Time has stolen on unobserved, and I am the head boy now in the school, and look down on the line of boys below me with a condescending interest in such of them as bring to my mind the boy I was myself when I first came here. That little fellow seems to be no part of me; I remember him as something left behind upon the road of life, and almost think of him as of someone else.

And the little girl I saw on that first day at Mr. Wickfield's, where is she? Gone also. In her stead, the perfect likeness of the picture, a child likeness no more, moves about the house; and Agnes - my sweet sister, as I call her in my thoughts, my counsellor and friend - the better angel of the lives of all who come within her calm, good, self-denying influence - is quite a woman.

It is time for me to have a profession, and my aunt proposes that I should be a proctor in Doctors' Commons. I learn that the proctors are a sort of solicitors, and that the Doctors' Commons is a faded court held near St. Paul's Churchyard, where people's marriages and wills are disposed of and disputes about ships and boats are settled.

So I am articled, and later, when my aunt has lost her money, through no fault of her own, but through the rascality of Uriah Heep, and I seek Mr. Spenlow to know if it is possible for my articles to be cancelled, it is, I am assured, Mr. Jorkins who is inexorable.
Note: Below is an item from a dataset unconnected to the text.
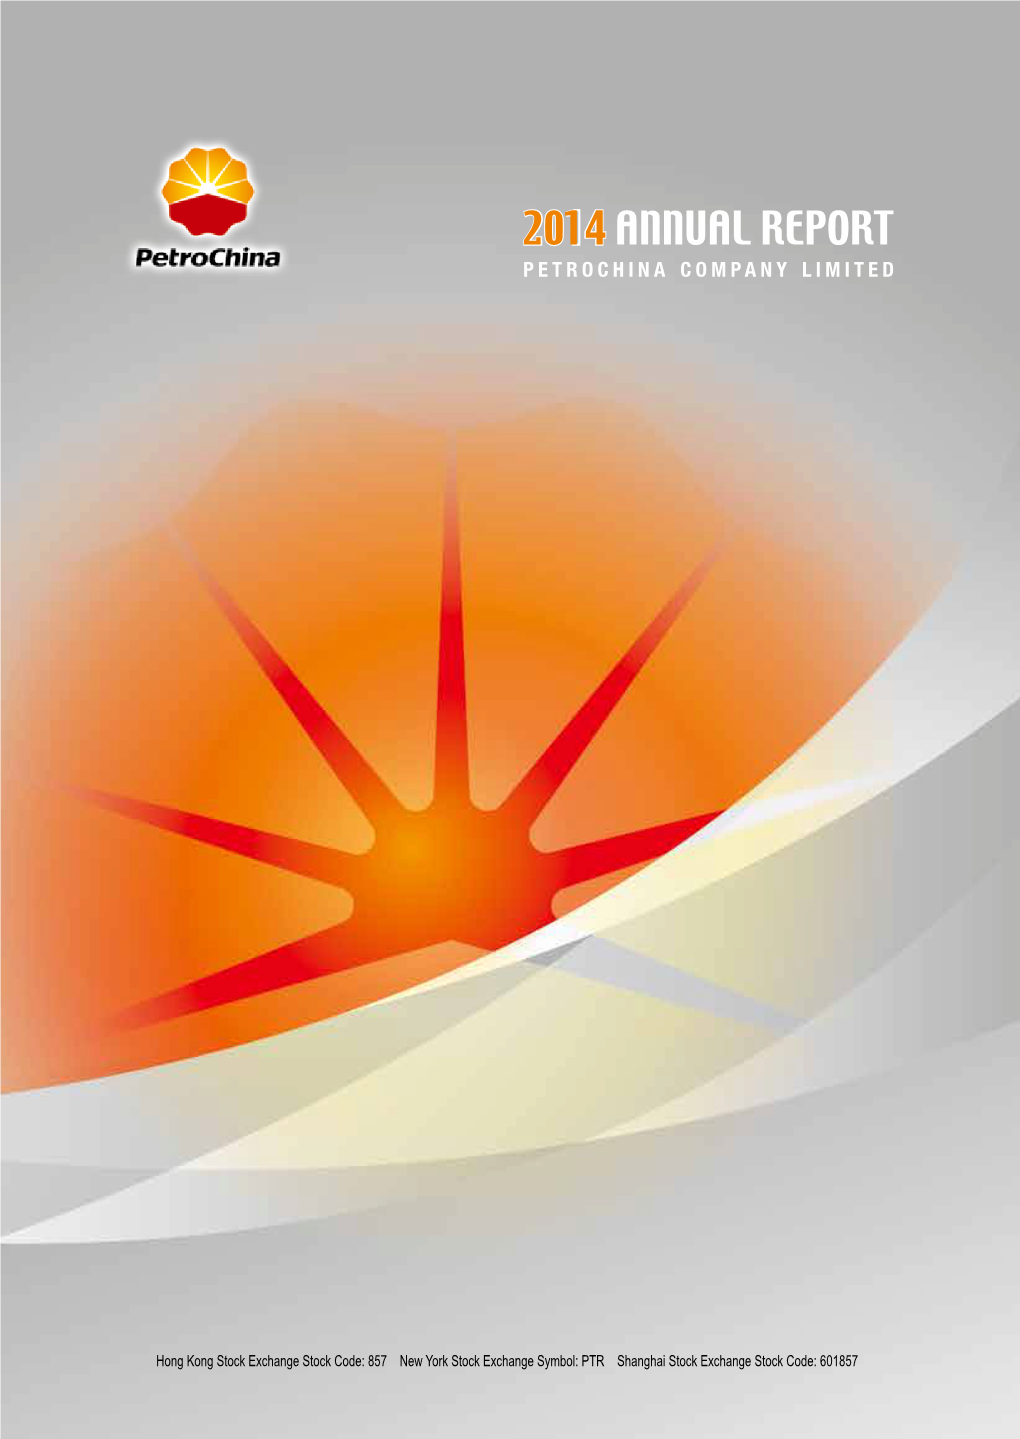 2014 Annual Report 2014 Annual2014 Report 年度 告 Petrochina Company中國石油天然氣股份有限公司 Limited 年度
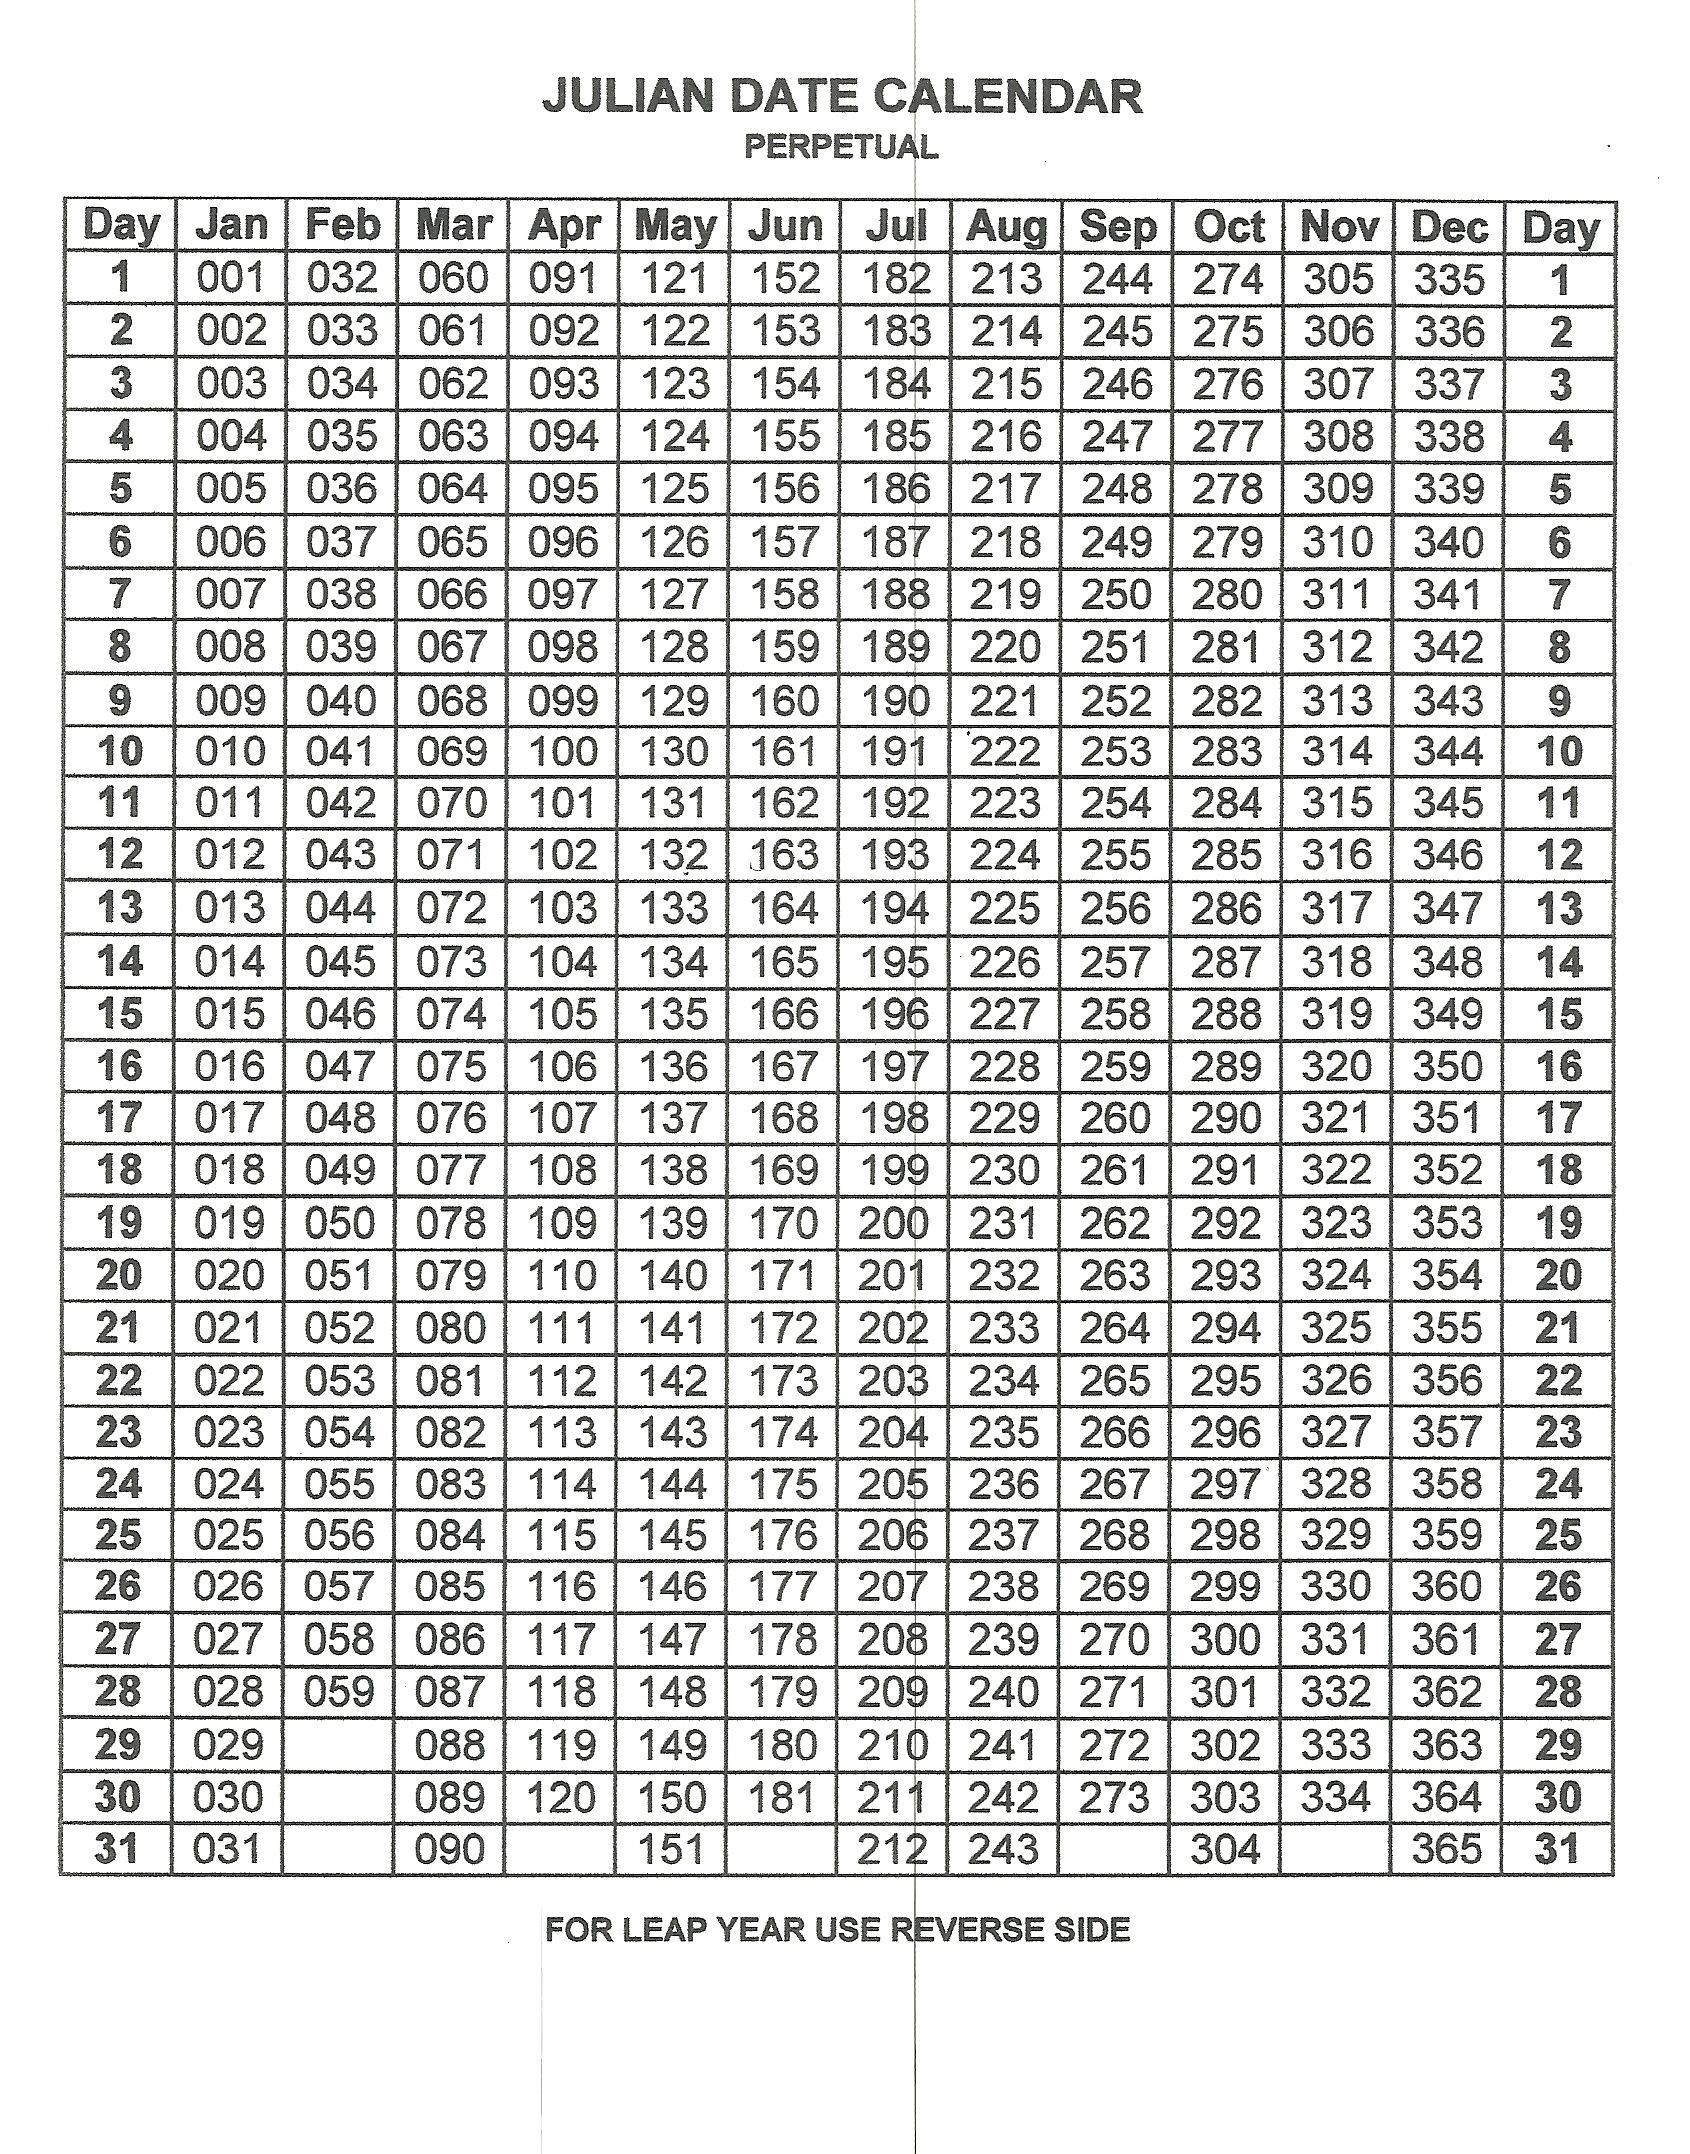 Perpetual Julian Date Calendar | Calendar Printables-Monthly Calendar With Julian Dates

"If it had been my lot to have my hands unfettered, if I had not a partner - Mr. Jorkins," says Mr. Spenlow. "But I know my partner, Copperfield. Mr. Jorkins is not a man to respond to a proposition of this peculiar nature. Mr. Jorkins is very difficult to move from the beaten track."

The years pass. I have come legally to man's estate. I have attained the dignity of twenty-one. Let me think what I have achieved.

Determined to do something to bring in money, I have mastered the savage mystery of shorthand, and make a respectable income by reporting the debates in Parliament for a morning newspaper. Night after night I record predictions that never come to pass, professions that are never fulfilled, explanations that are only meant to mystify. I have come out in another way. I have taken, with fear and trembling, to authorship. I wrote a little something in secret, and sent it to a magazine, and it was published. Since then I have taken heart to write a good many trifling pieces. My record is nearly finished.

Peggotty, a widow, is with my aunt, and Mr. Dick is in the room.

"Goodness me!" said my aunt, "who's this you're bringing home?"

"Agnes," said I.

We were to be married within a fortnight. It was not till I had told Agnes of my love that I learnt from her, as she laid her gentle hands upon my shoulders and looked calmly in my face, that she had loved me all my life.

Let me look back once more, for the last time, before I close these leaves. I have advanced in fame and fortune. I have been married ten years, and I see my children playing in the room. Here is my aunt, in stronger spectacles, an old woman of fourscore years and more, but upright yet, and godmother to a real, living Betsey Trotwood. Always with her, here comes Peggotty, my good old nurse, likewise in spectacles. A newspaper from Australia tells me that Mr. Micawber is now a magistrate and a rising townsman at Port Middlebay.

One face is above all these and beyond them all. I turn my head and see it, in its beautiful serenity, beside me. So may thy face be by me, Agnes, when I close my life; and when realities are melting from me, may I still find thee near me, pointing upward!